Content starts

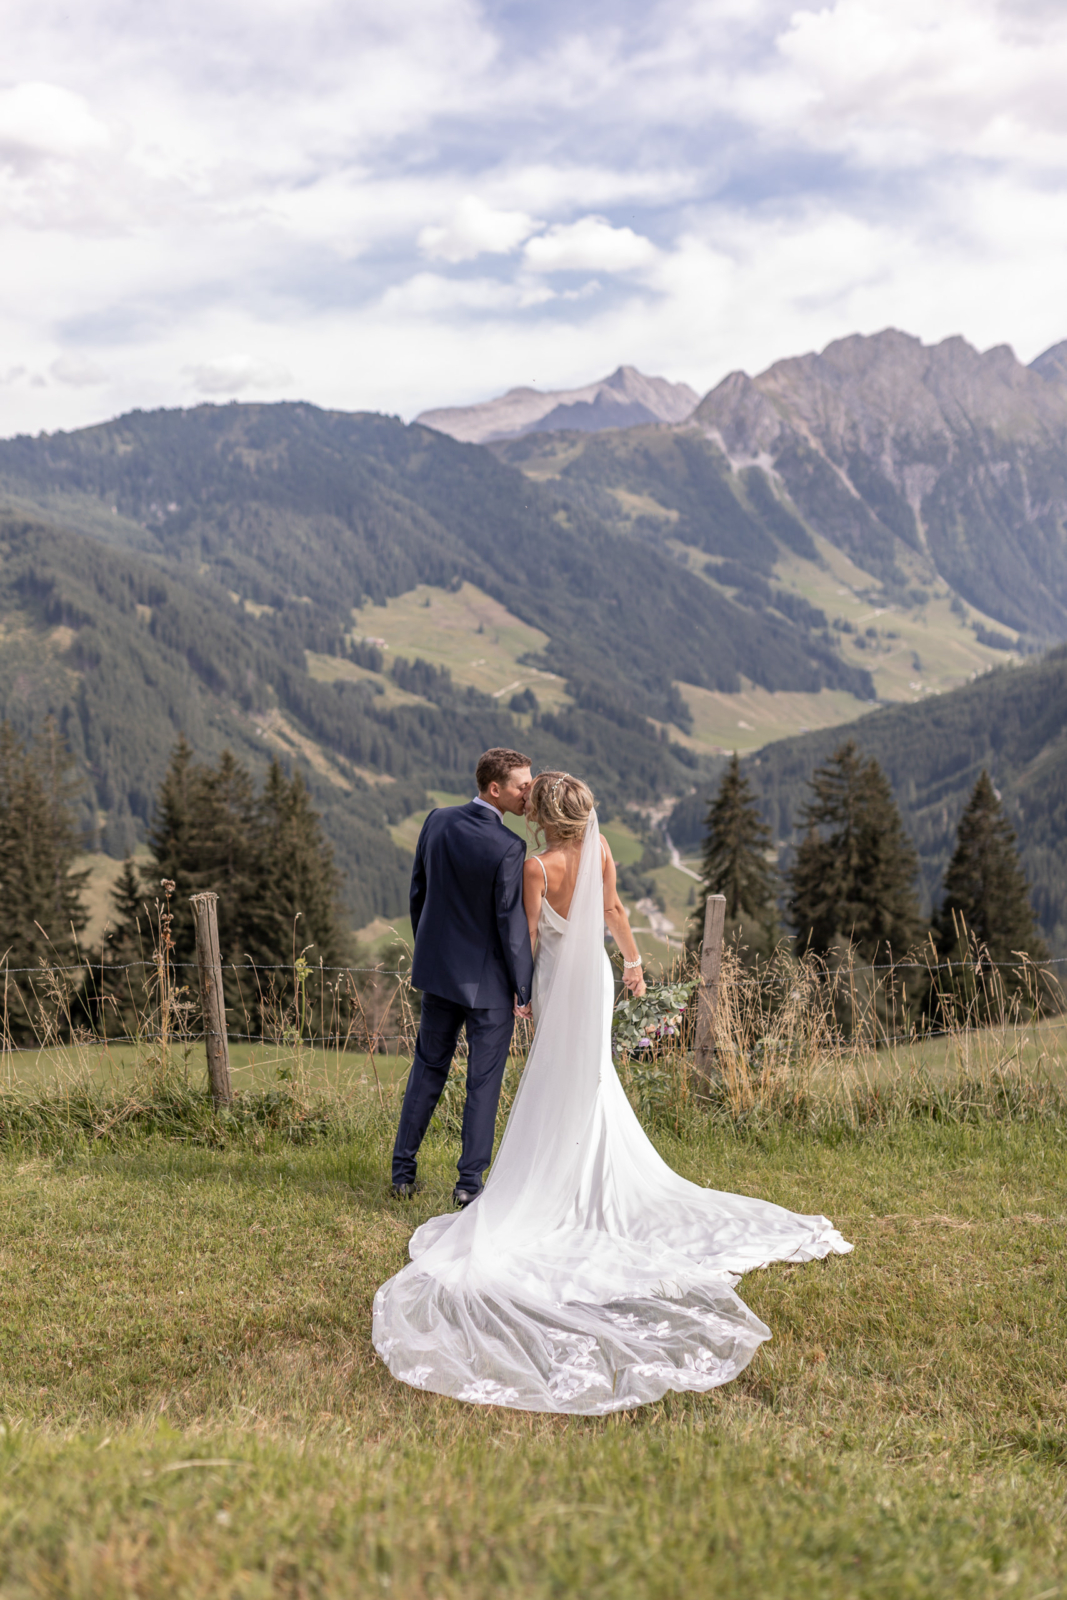 wedding photos in the mountains in Austria
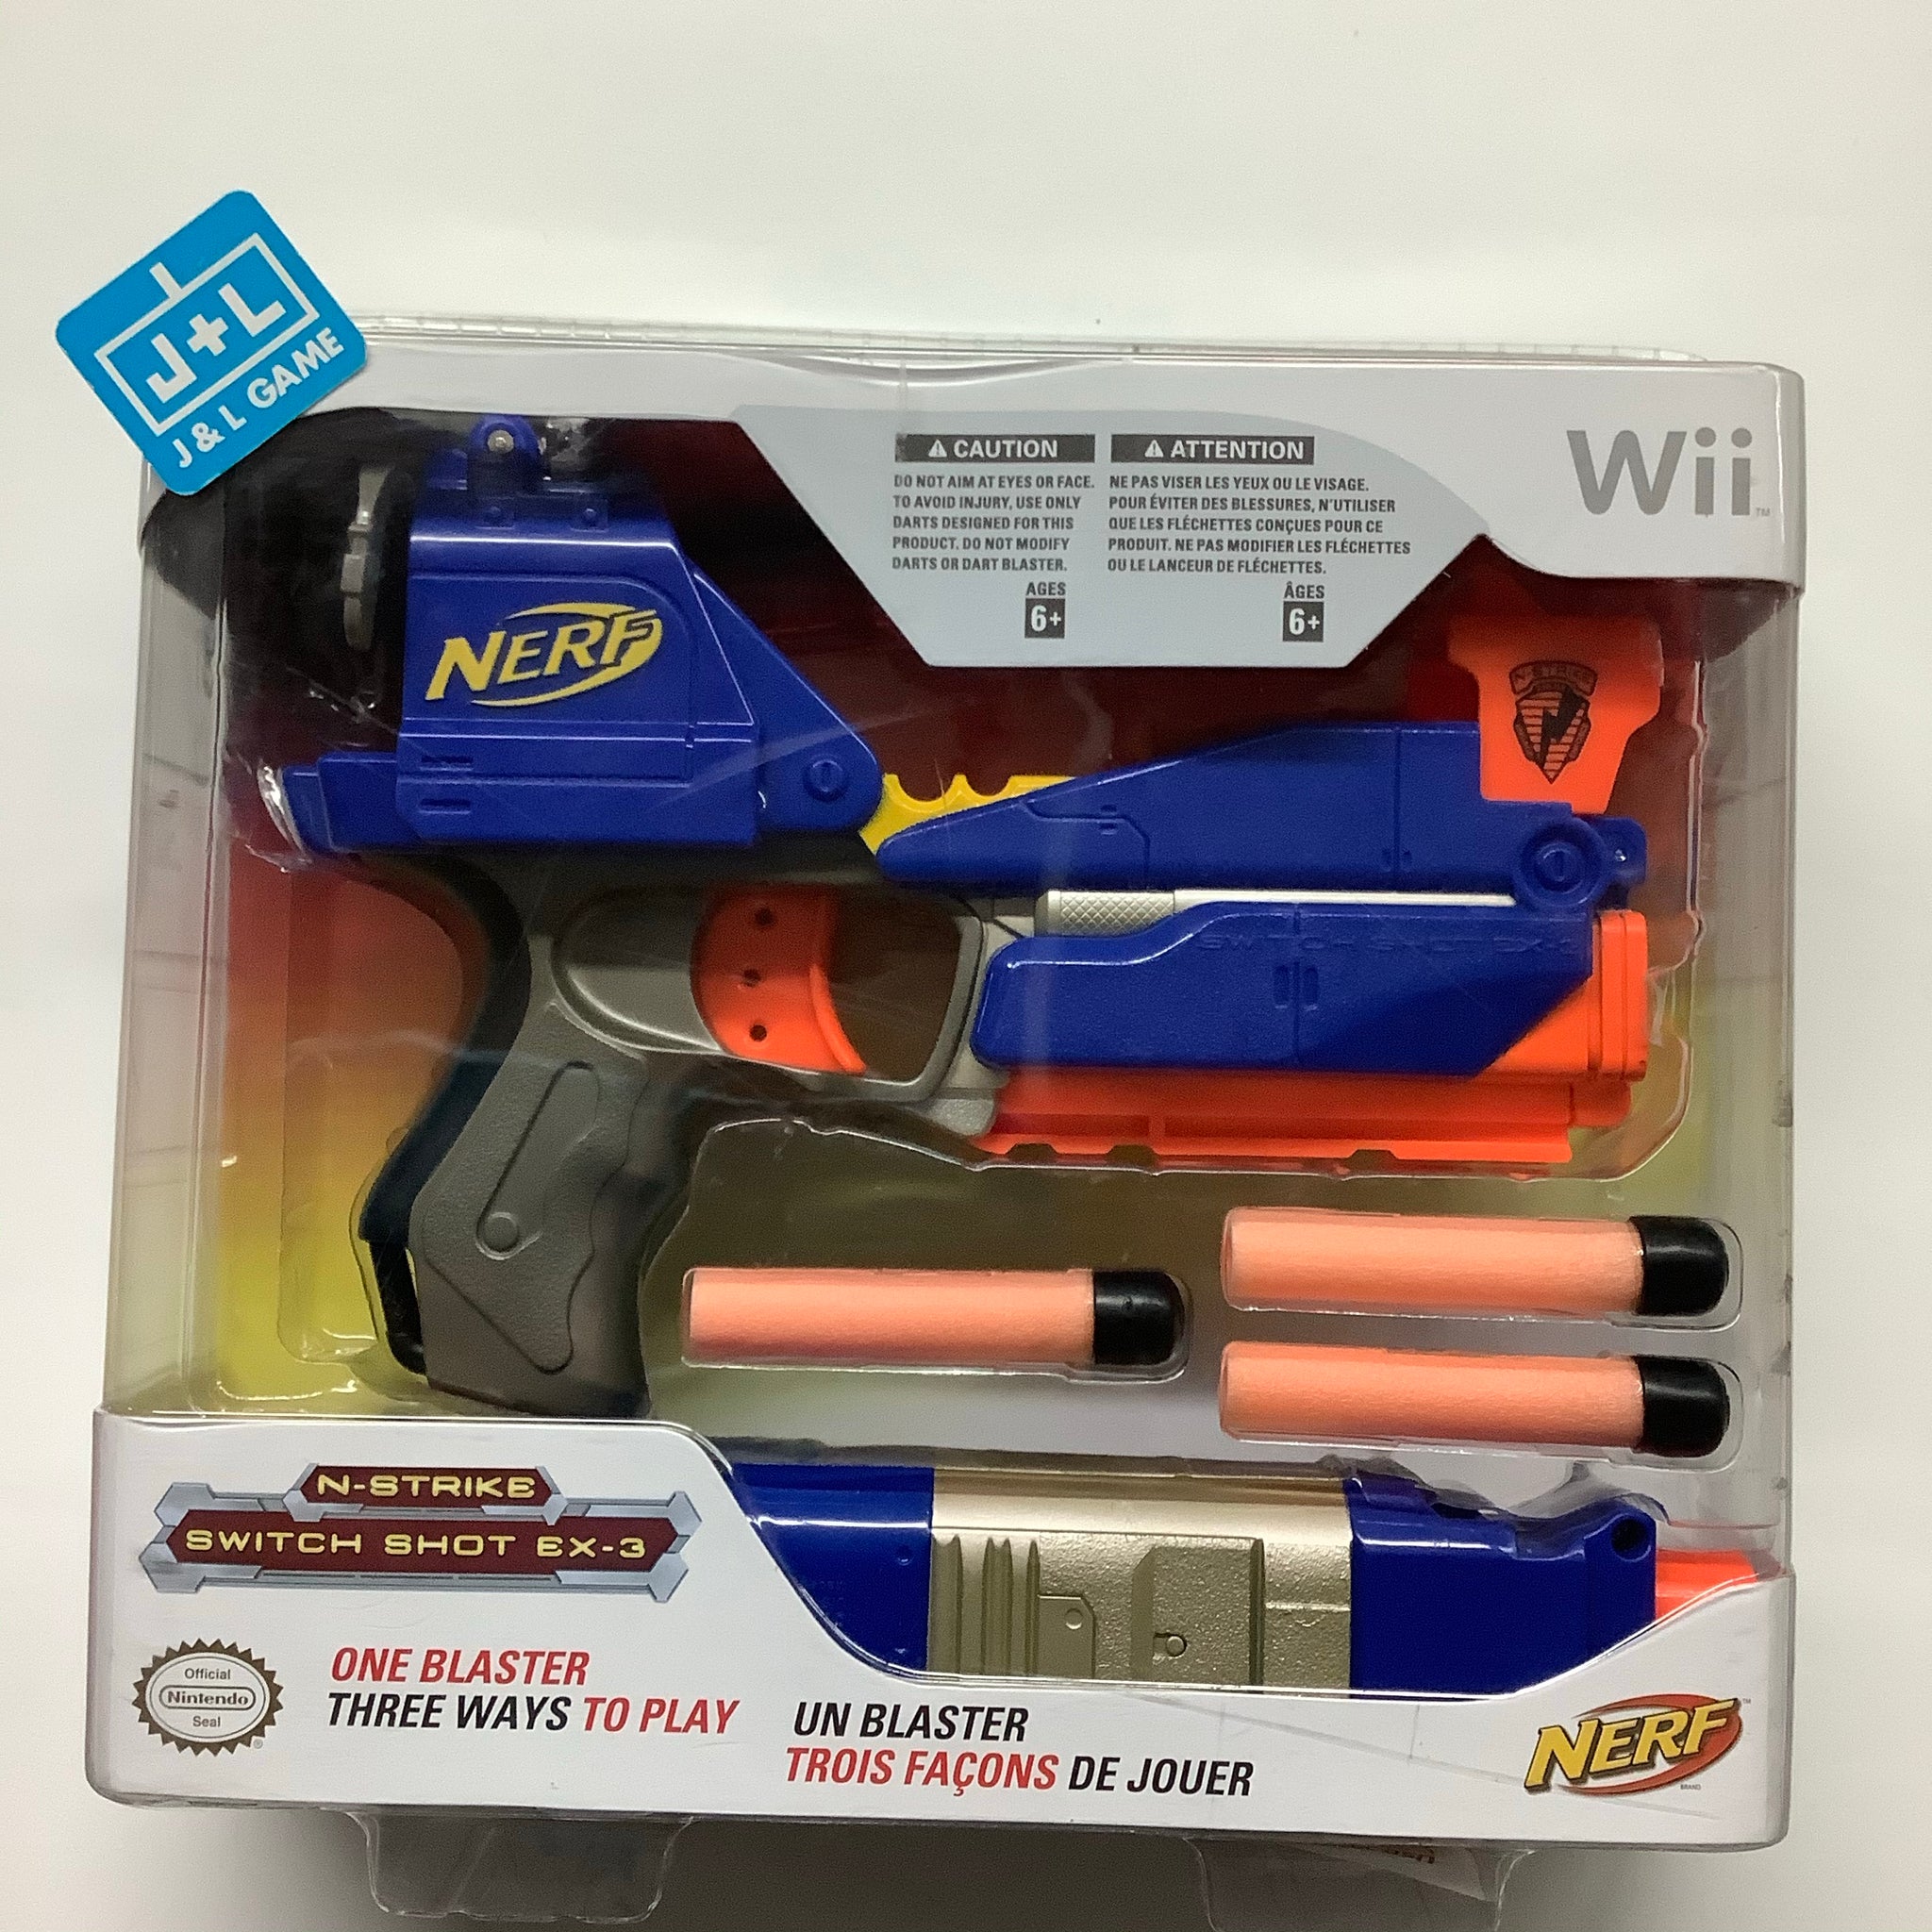 Nerf N-Strike Switch EX-3 (No Game or Remote) - Nintendo – J&L Video Games New York City
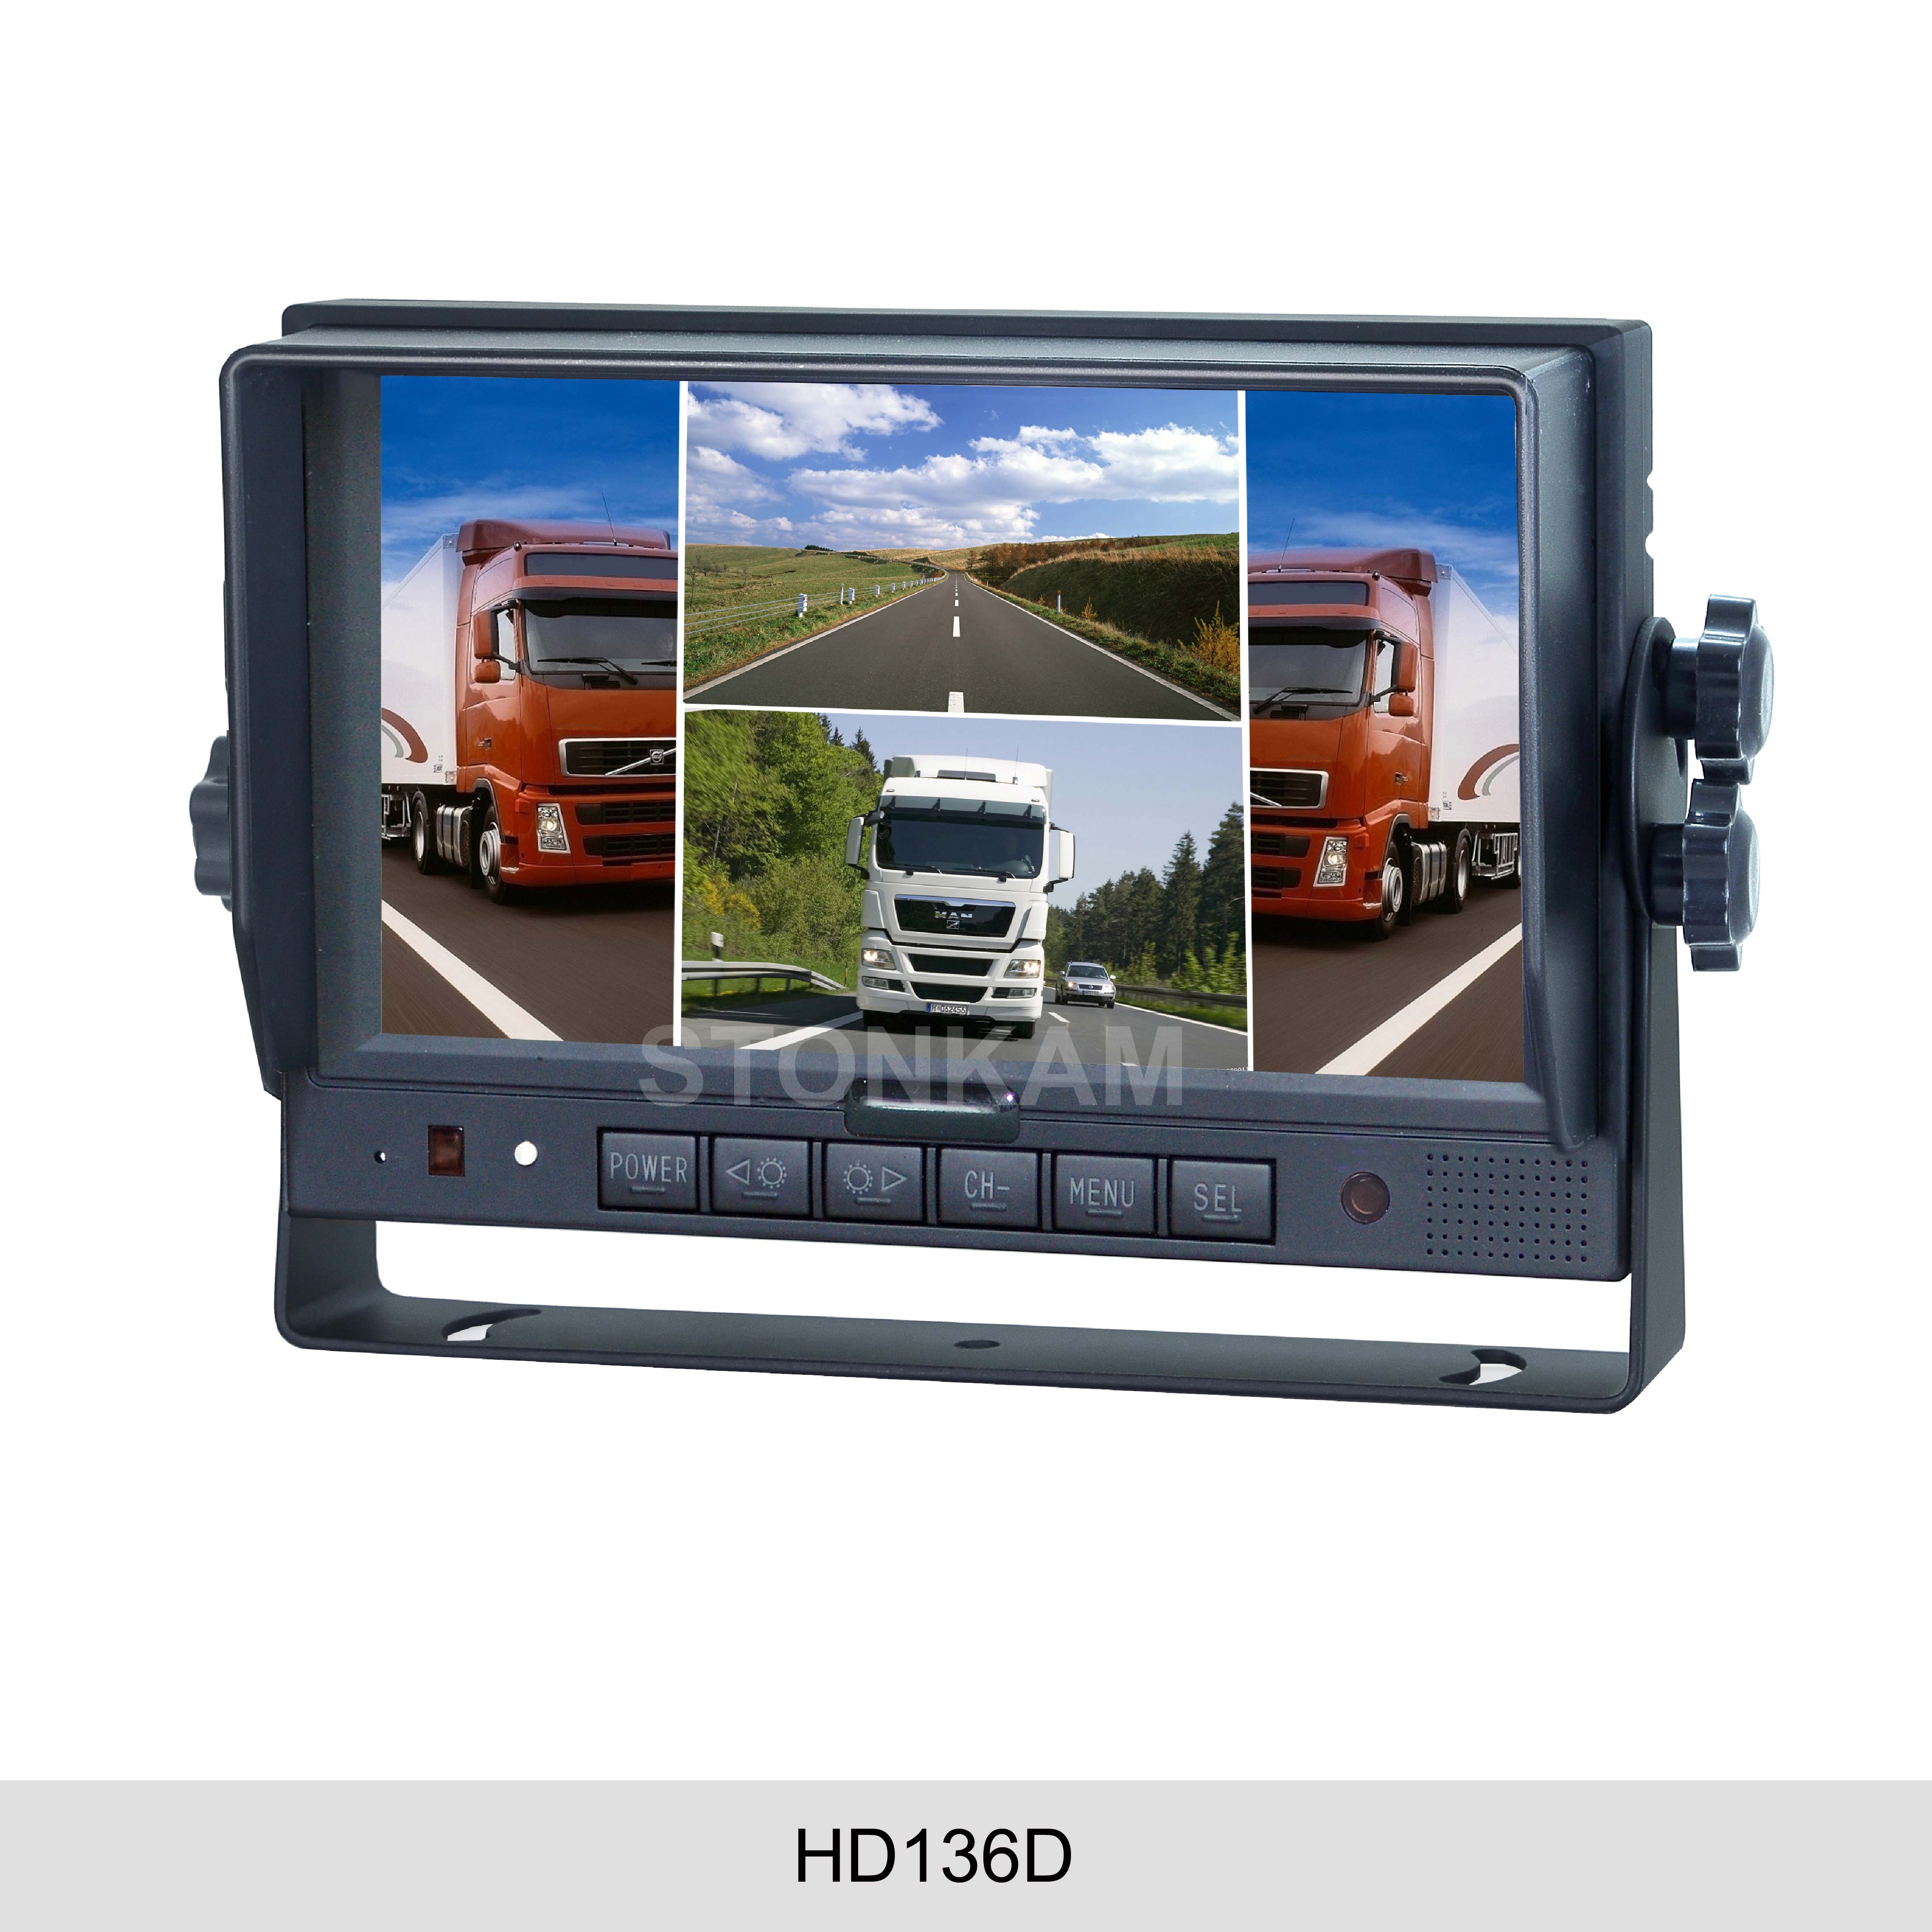 7  inch HD quad-view vehicle monitor

Content ends

Work to complete: Leaving out all pictures, retype exactly the lines that run from the one containing "Nerf N-Strike Switch" through the last line of the material.

Output of the task:
 Nerf N-Strike Switch EX-3 (No Game or Remote) - Nintendo – J&L Video Games New York City
 7  inch HD quad-view vehicle monitor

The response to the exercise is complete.